2.5 seasons (1996-1999)
Stephon Marbury - 17.7 PPG and 8.6 APG in 1997-1998 (1997 NBA All-Rookie First Team)
Kevin Garnett - 18.5 PPG and 9.6 RPG in 1997-1998 (1997-1998 NBA All-Star)
1997 and 1998 playoffs
There’s just something intriguing about two young stars growing up on the same team together. One year after drafting Kevin Garnett out of high school, the Timberwolves made a draft day trade, swapping Ray Allen for Stephon Marbury with the Bucks. Marbury and Garnett made an instant connection with one another as two young kids having fun in the NBA.

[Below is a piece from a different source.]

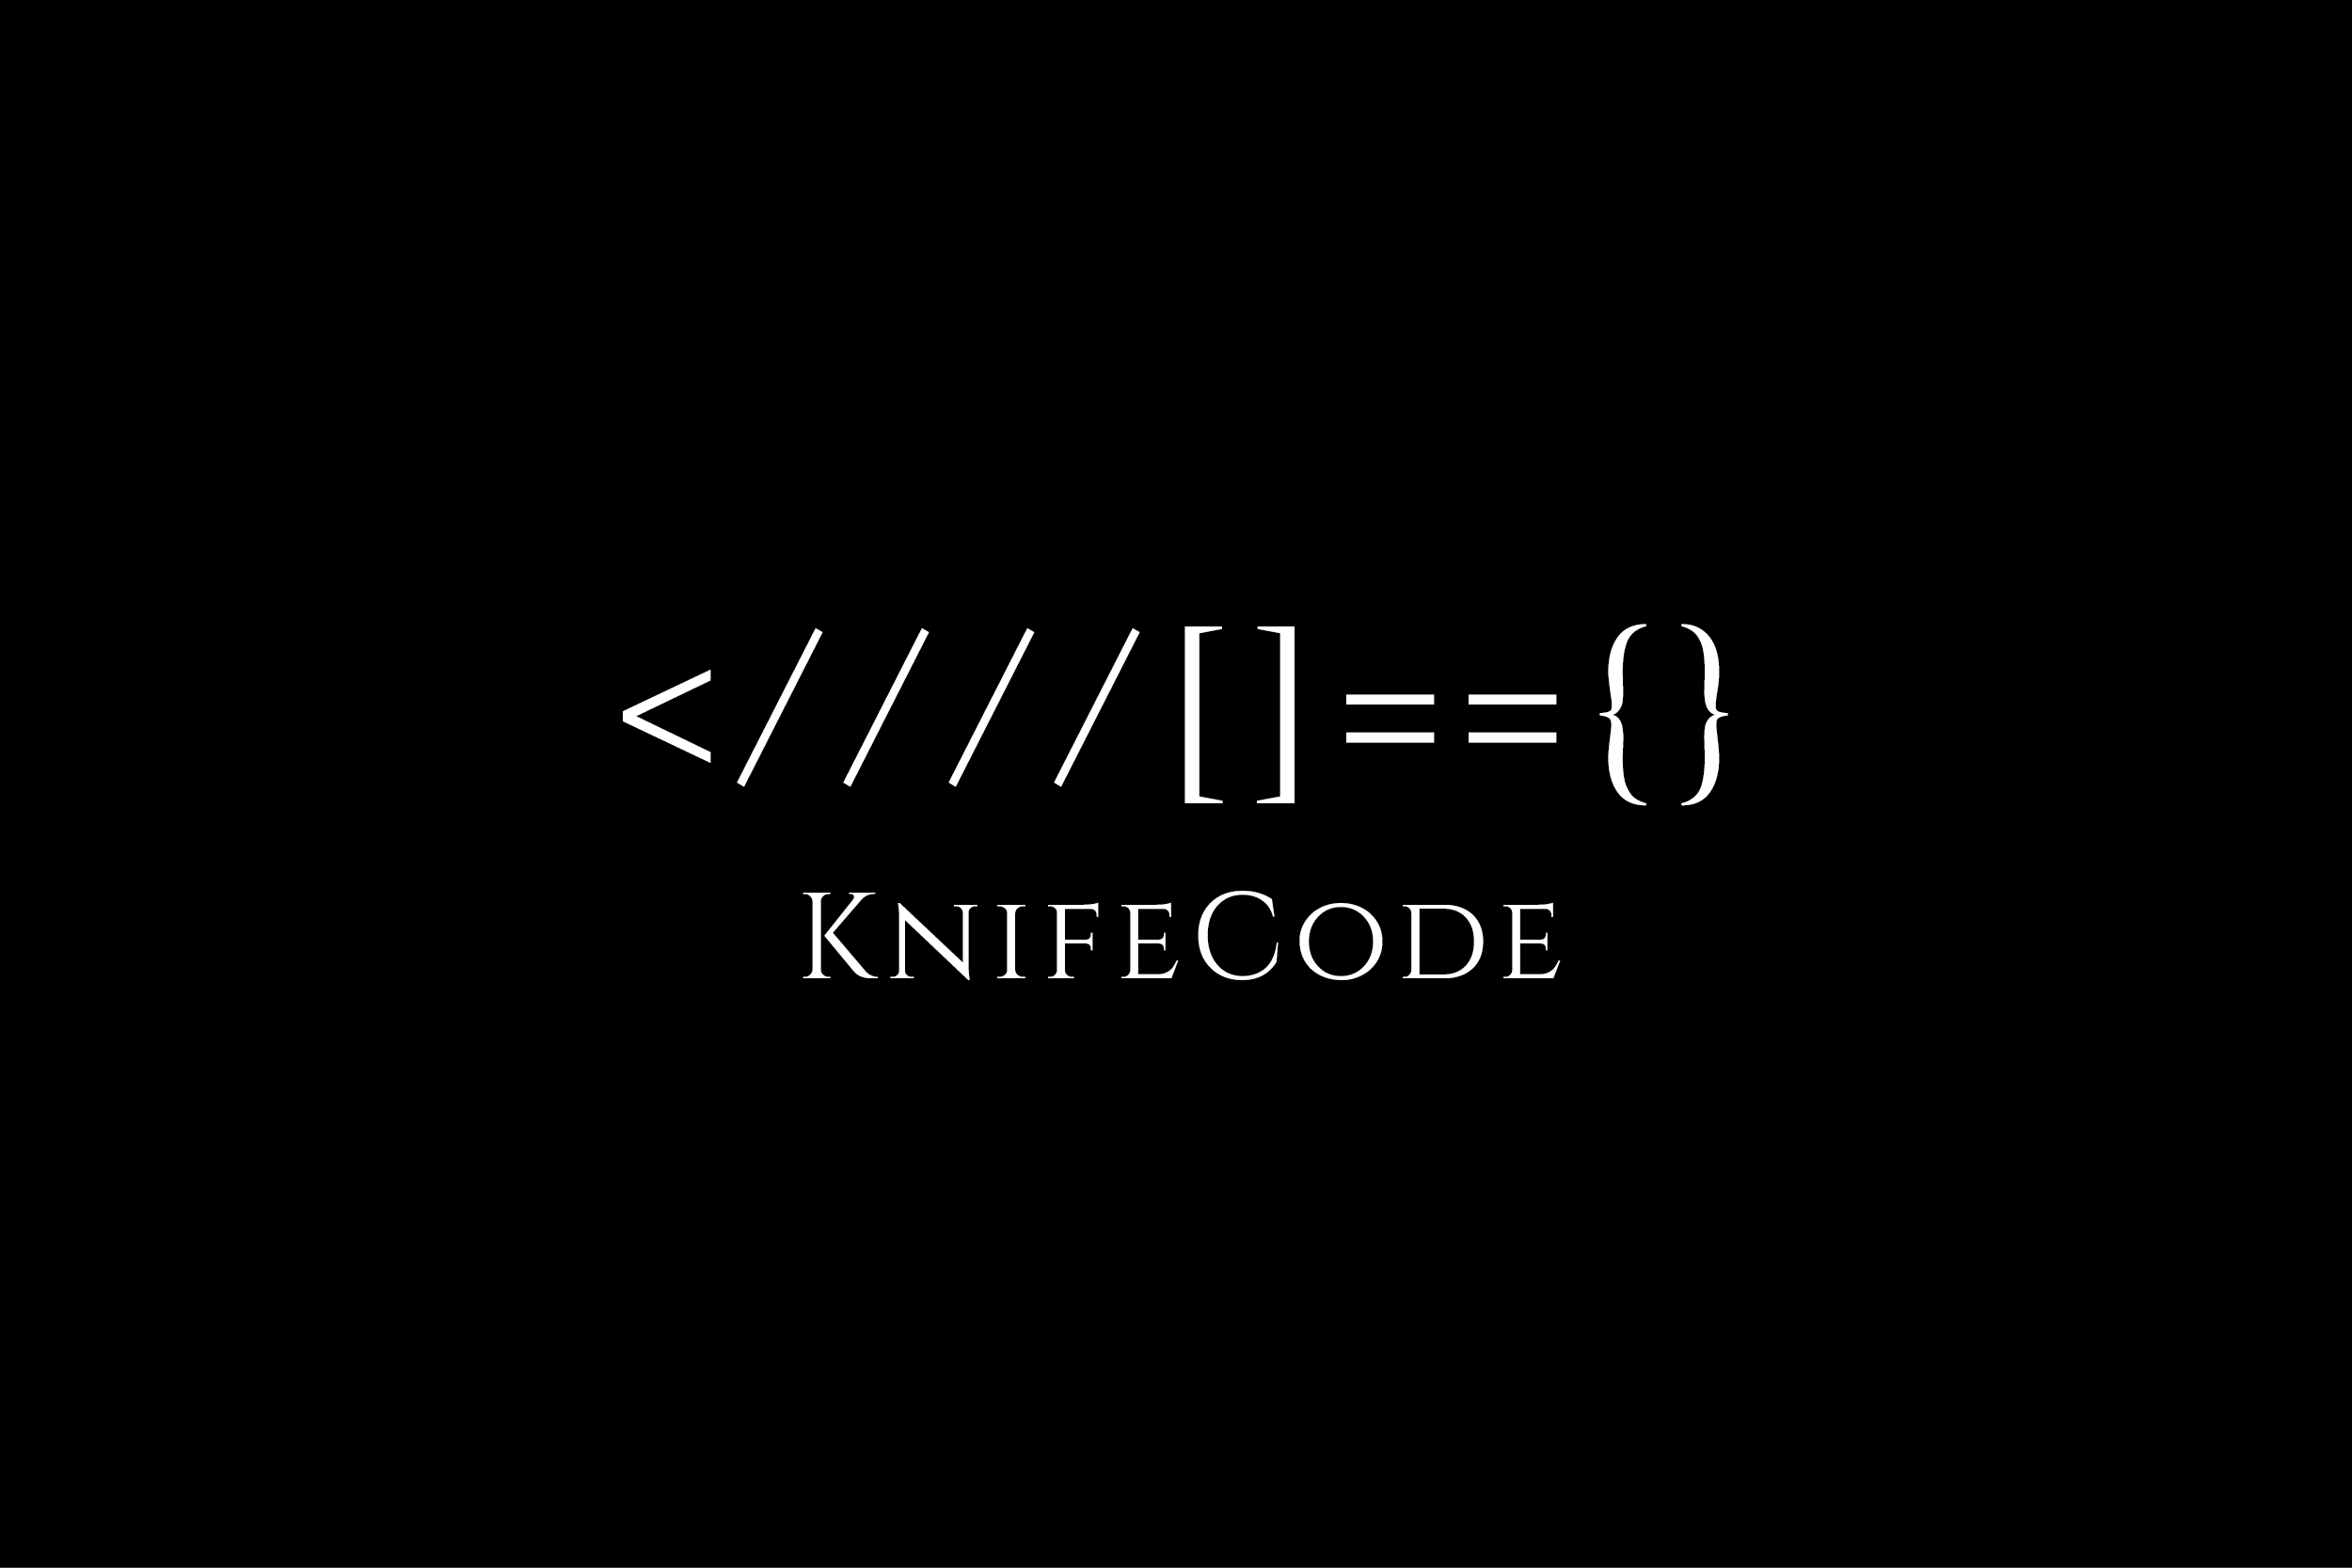 Knifecode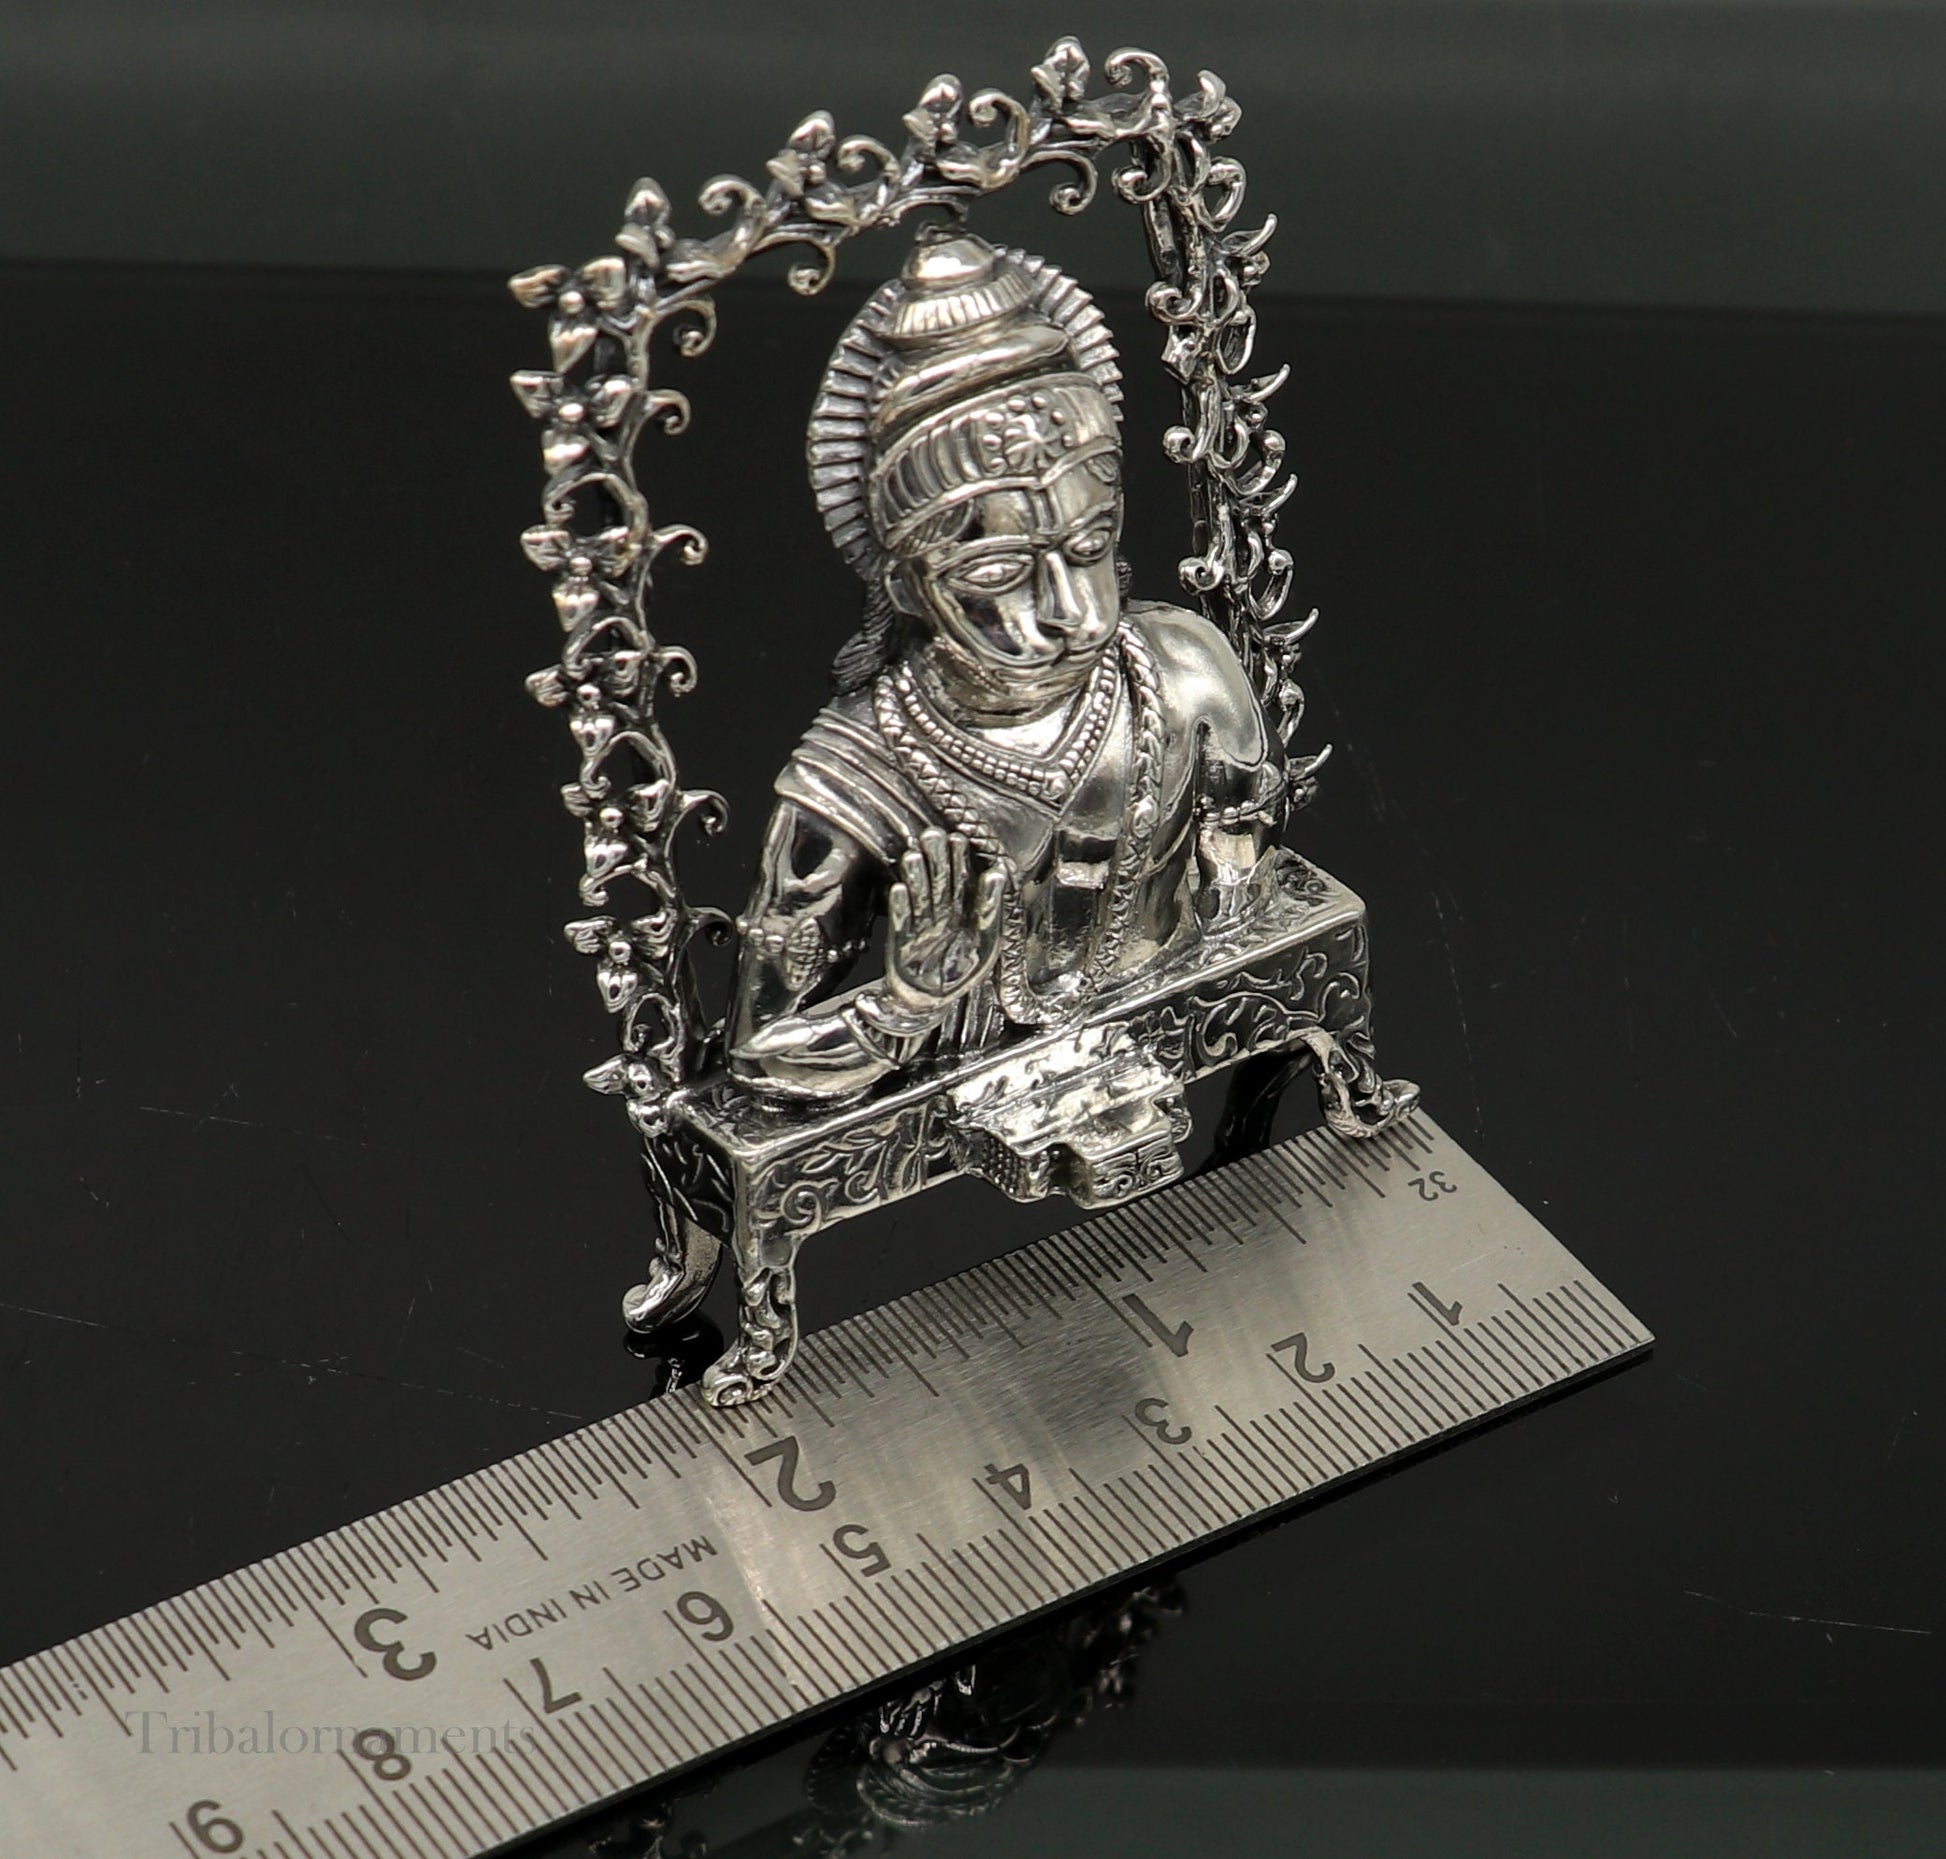 925 sterling silver handmade Divine Hindu god Lord Hanuman blessing Statue, amazing designer Divine Sculpture figurine puja article art169 - TRIBAL ORNAMENTS

Marbury saw his assist totals rise in all three seasons with Minnesota, thanks in large part to the help of Garnett. With Marbury’s assists on the rise, came the rise of Garnett’s point totals, as well.
In the three seasons the duo was together, they made the playoffs every year. If Marbury would have stayed in Minnesota longer, it’s possible that the Timberwolves would have gone deeper in the playoffs in later years, something they had a hard time doing with only Garnett.
2 seasons (1998-2000)
Tracy McGrady - 15.4 PPG in 1999-2000
Vince Carter - 25.7 PPG in 1999-2000 (1999 NBA Rookie of the Year, 2000 NBA All-Star, 2000 All-NBA Third Team)
At No. 1 on the list, we have a pair of cousins, Vince Carter and Tracy McGrady.
McGrady and Carter were back-to-back first-round selections for the Raptors (Carter was originally drafted by Golden State and traded immediately) in 1997, and then 1998. Vince Carter was more polished coming into the league than T-Mac was. T-Mac wasn’t near the player he was in Orlando and Houston when he was still in Toronto. That’s part of the tragedy in this.
McGrady left Toronto in the summer of 2000 after he couldn’t resist playing in front of family and friends in Orlando. Just imagine what could have been if McGrady and Carter grew up in the league together for a number of years.